Print all of the data exactly, but drop the pictures.

> [Raw data]:

----------

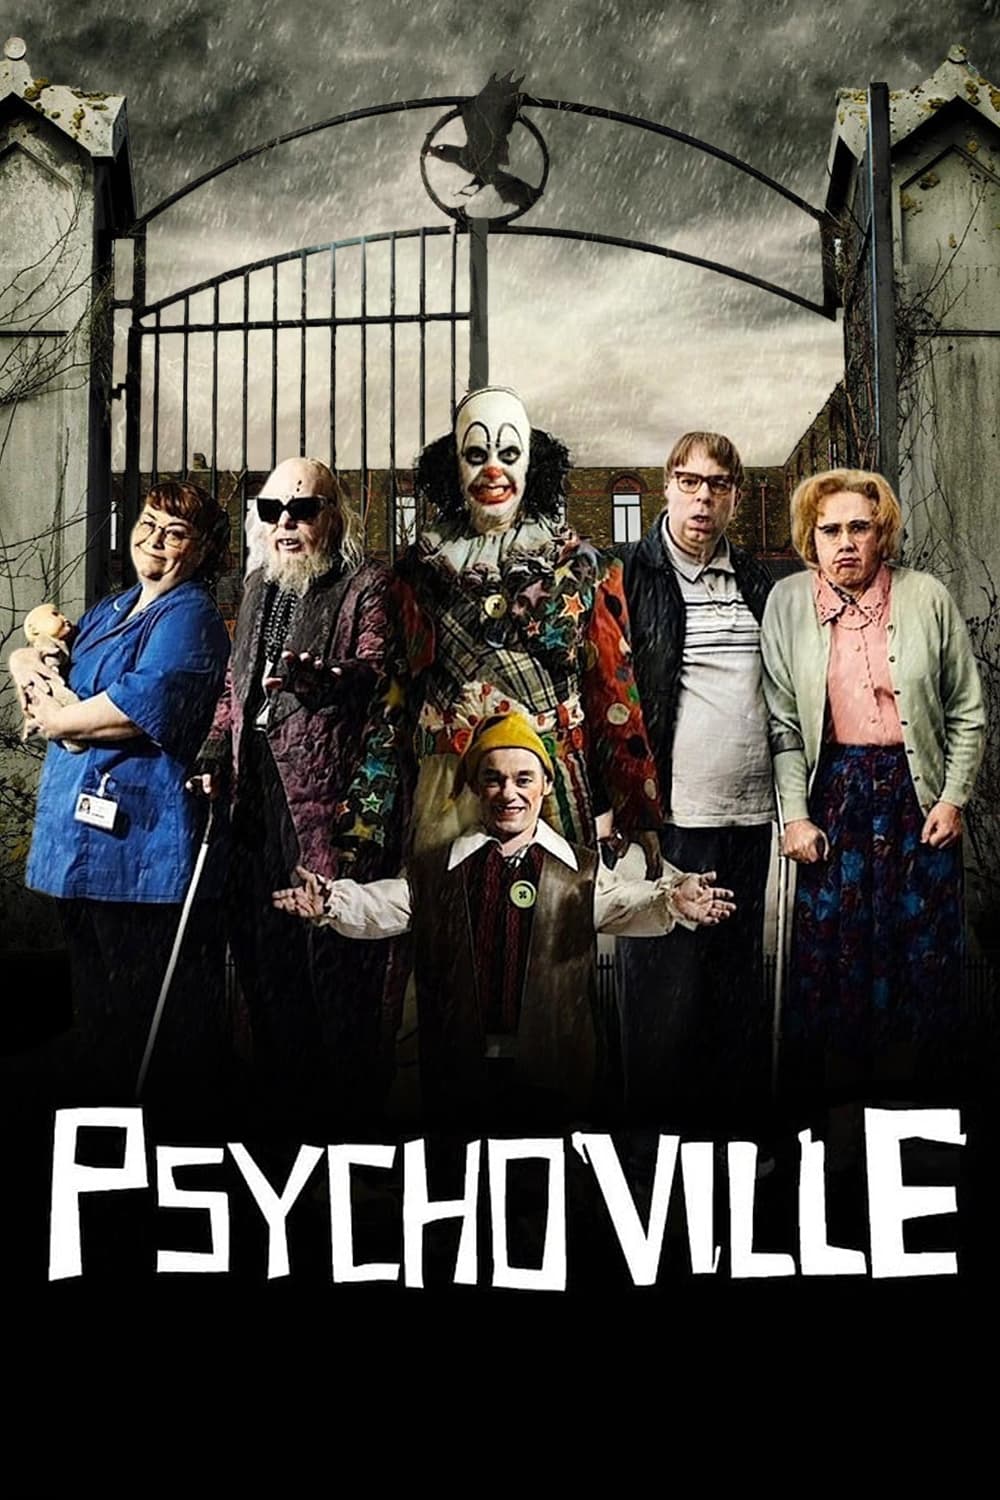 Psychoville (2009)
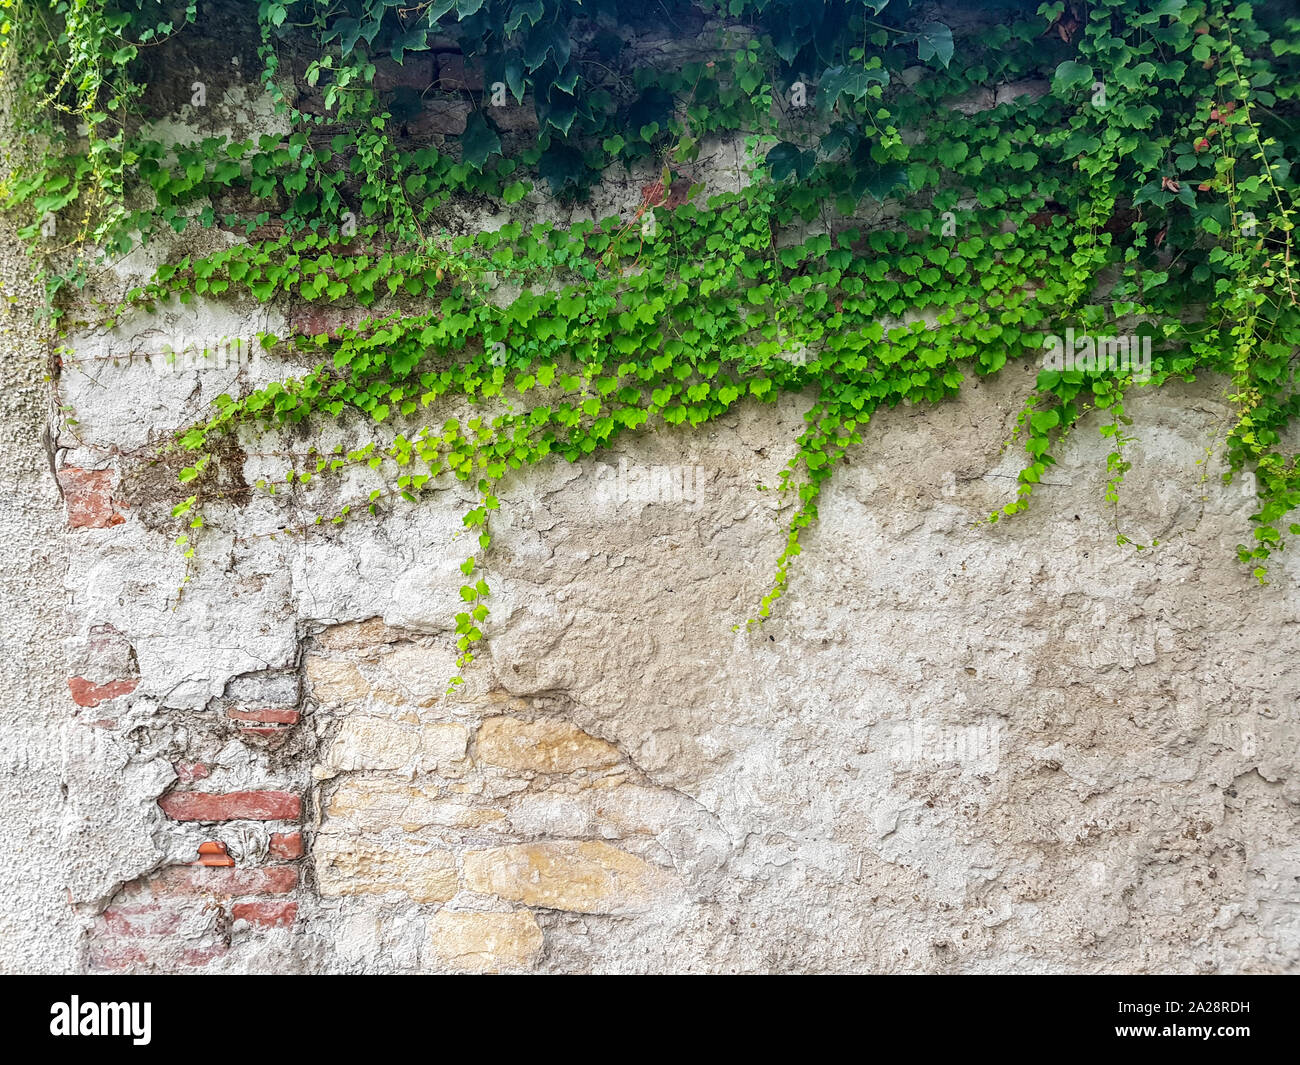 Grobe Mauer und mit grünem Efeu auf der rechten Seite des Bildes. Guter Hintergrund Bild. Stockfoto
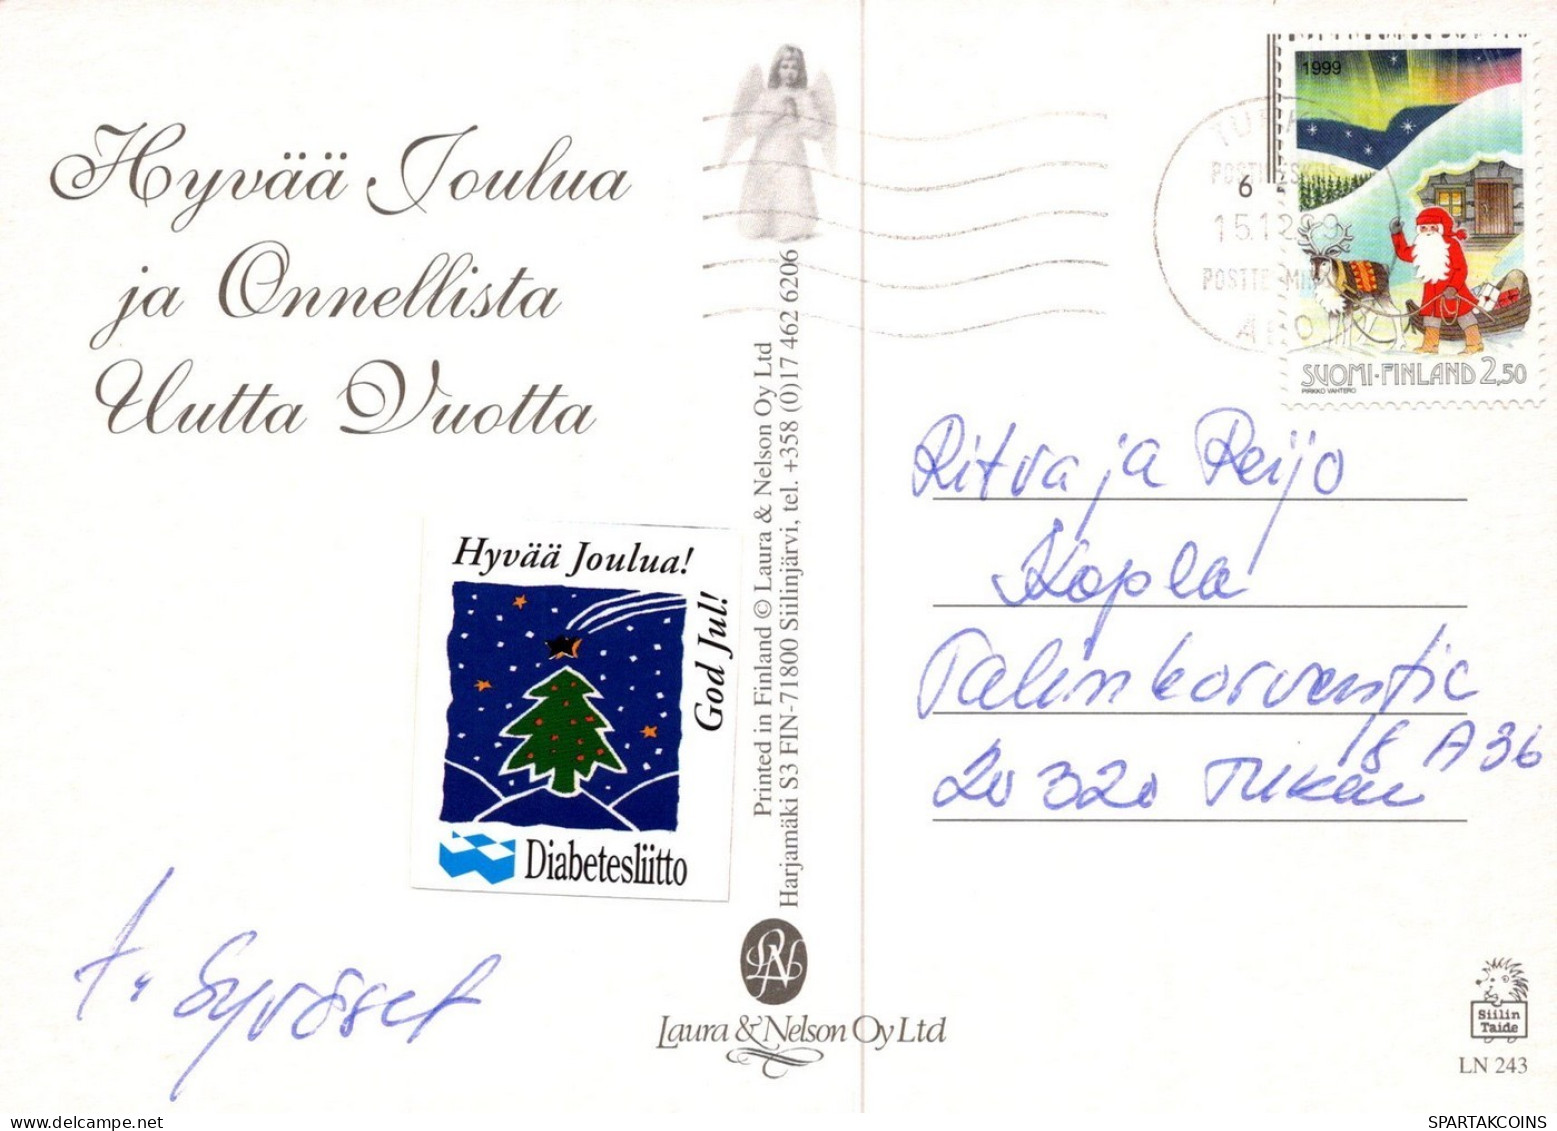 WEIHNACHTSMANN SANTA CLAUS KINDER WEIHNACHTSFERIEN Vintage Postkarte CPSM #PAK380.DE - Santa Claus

----------

> [Worked solution]:
 Psychoville (2009)
 Grobe Mauer und mit grünem Efeu auf der rechten Seite des Bildes. Guter Hintergrund Bild. Stockfoto
 WEIHNACHTSMANN SANTA CLAUS KINDER WEIHNACHTSFERIEN Vintage Postkarte CPSM #PAK380.DE - Santa Claus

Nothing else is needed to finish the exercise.